# [TASK PROMPT]
Word for word, the data below must be repeated in full; no picture is to be included.

# [INFORMATION SUPPLIED]

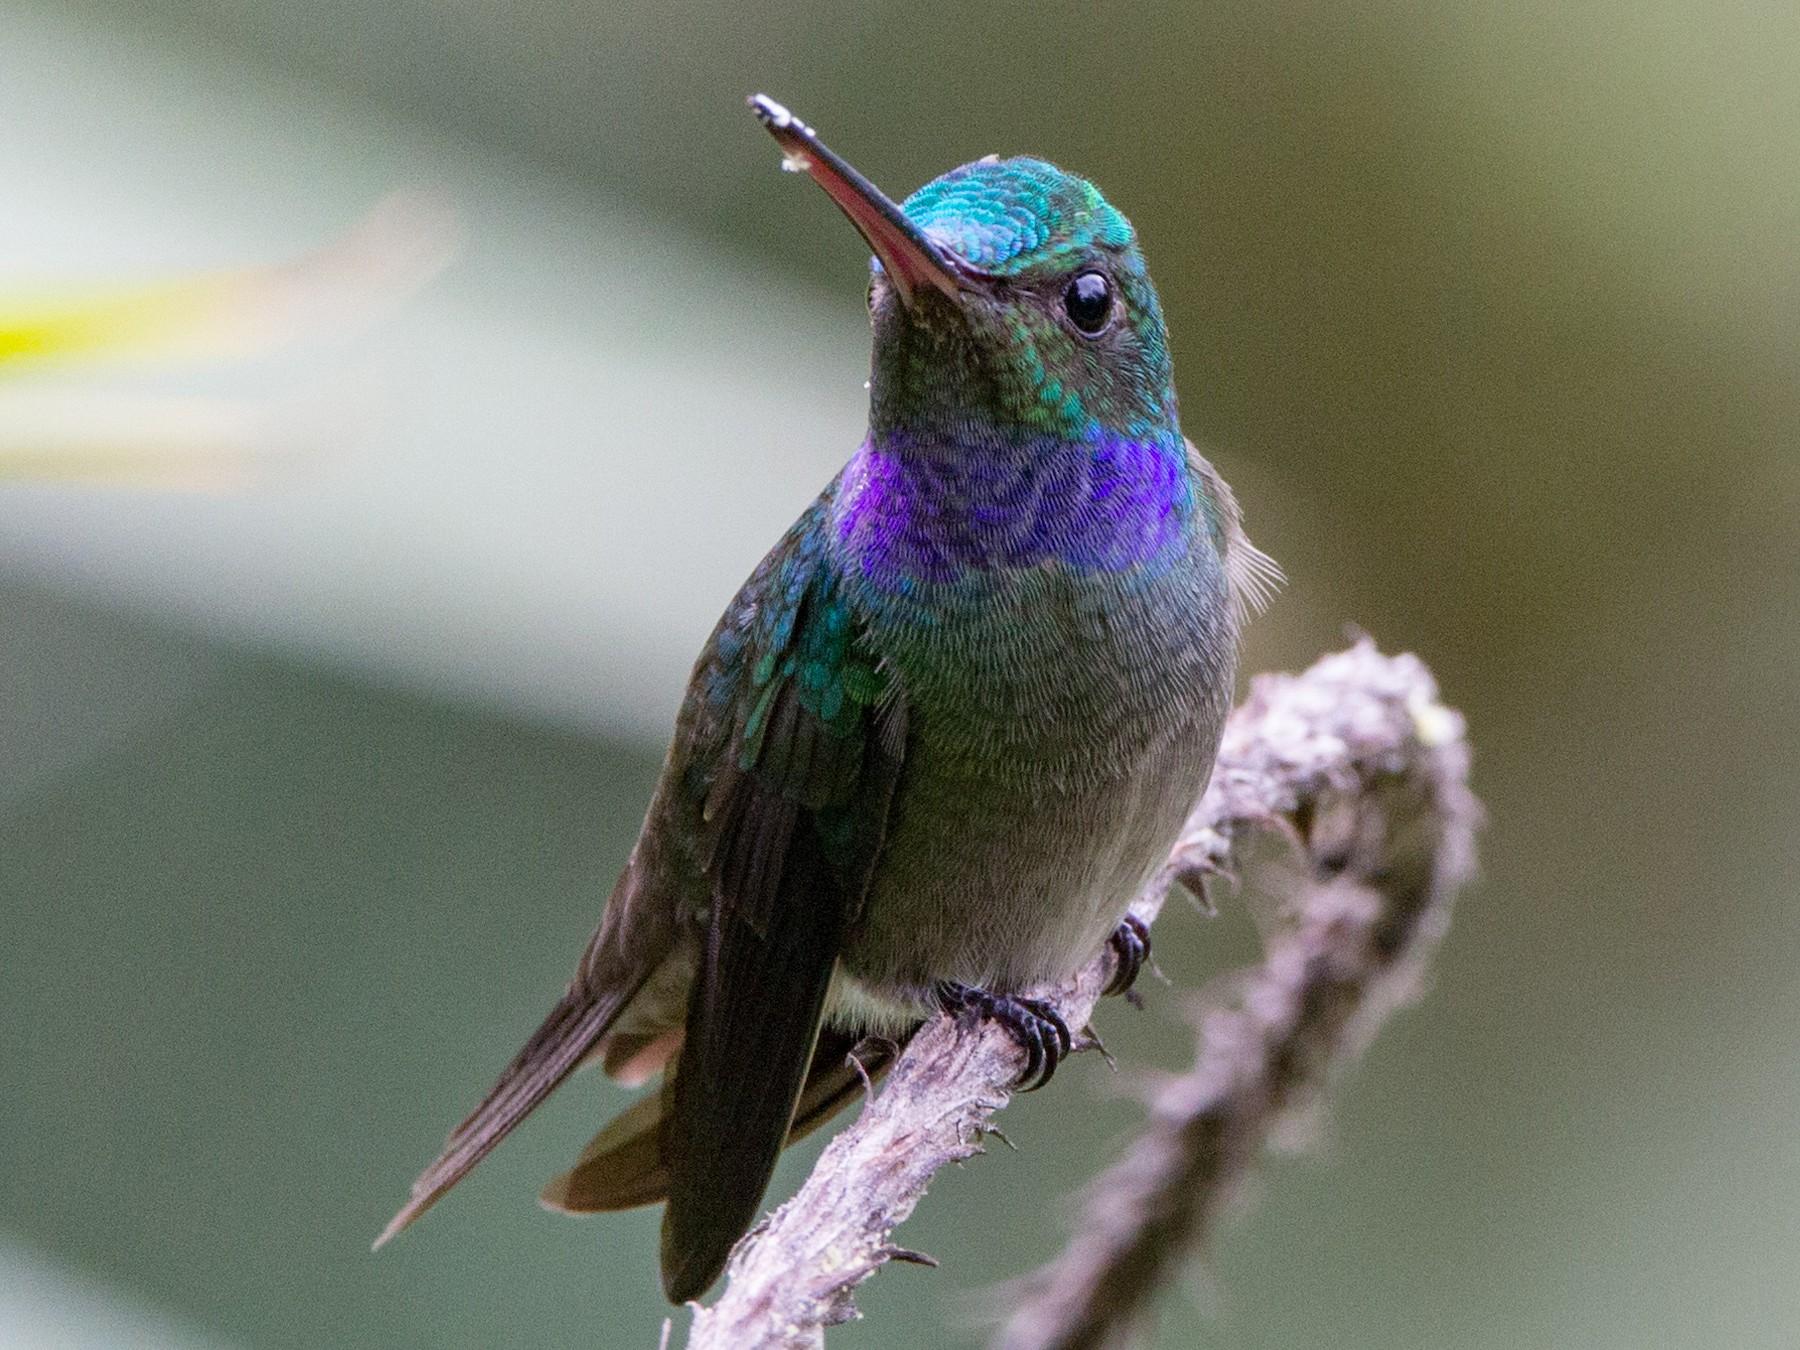 Charming Hummingbird - Pepe Castiblanco
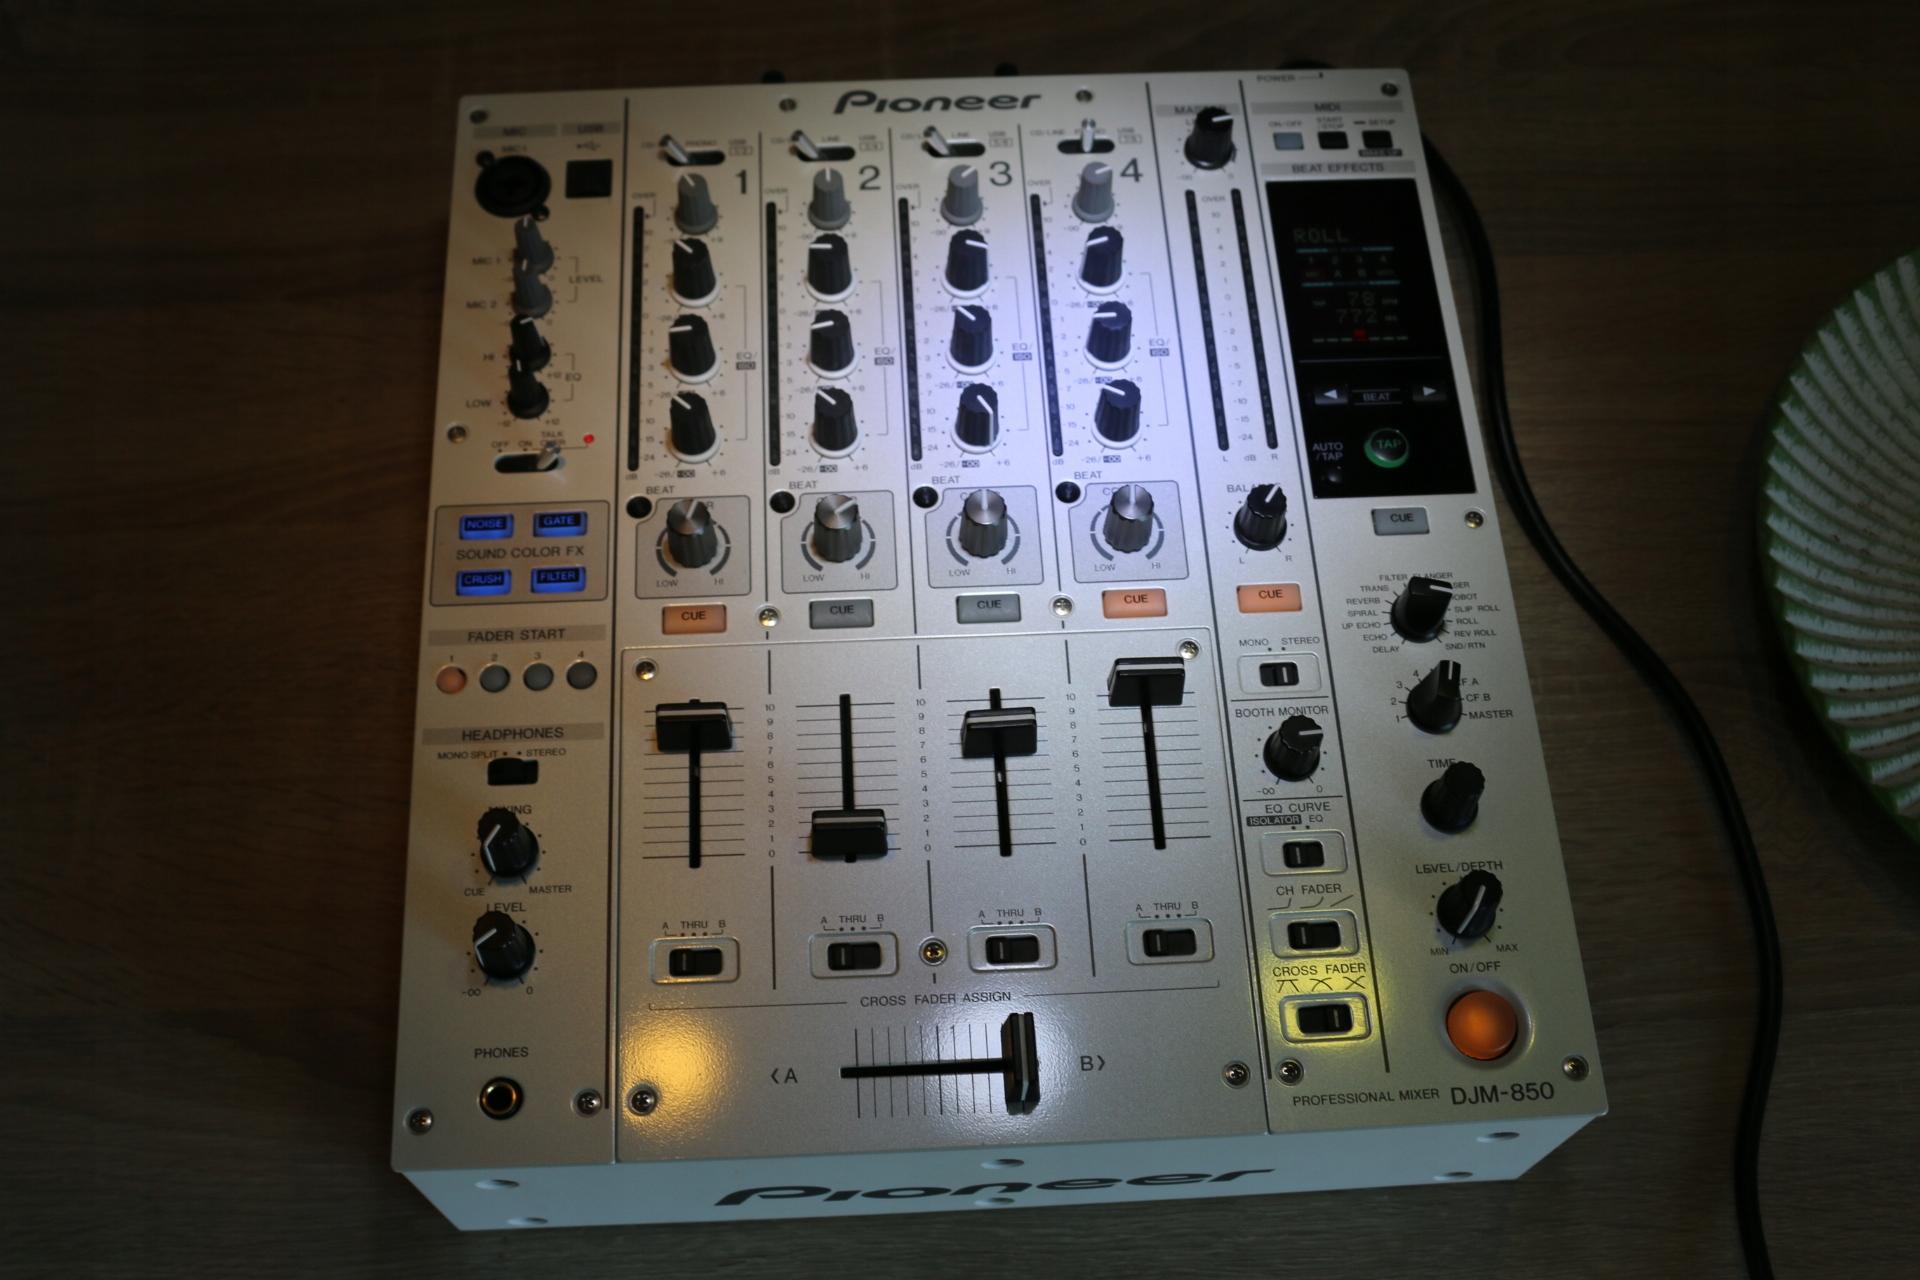 Pioneer DJM 850 Biały jak 800 700 djm850
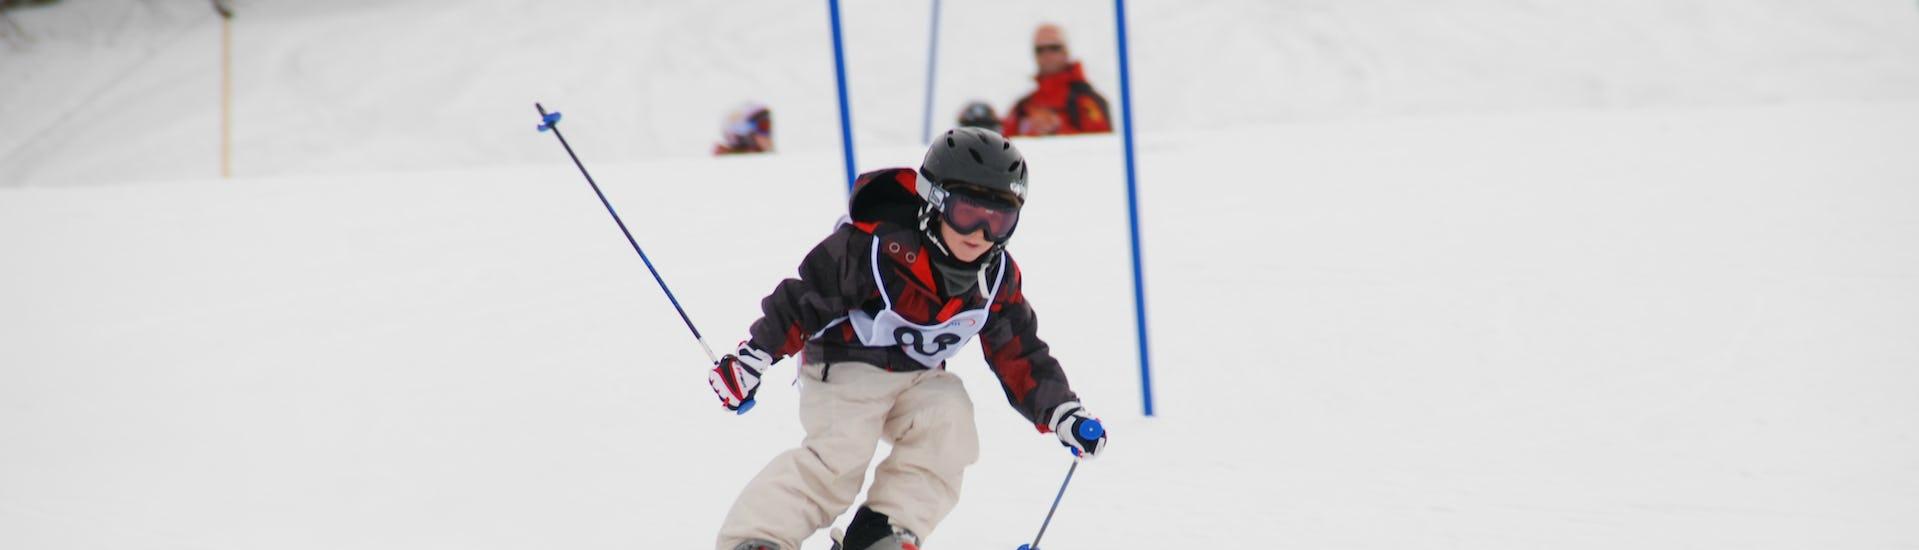 "Ski Lessons ""Kids Club"" (4-15 years) - Advanced"

# [WRITTEN RESPONSE]
 Charming Hummingbird - Pepe Castiblanco
 Pioneer DJM 850 Biały jak 800 700 djm850
 "Ski Lessons ""Kids Club"" (4-15 years) - Advanced"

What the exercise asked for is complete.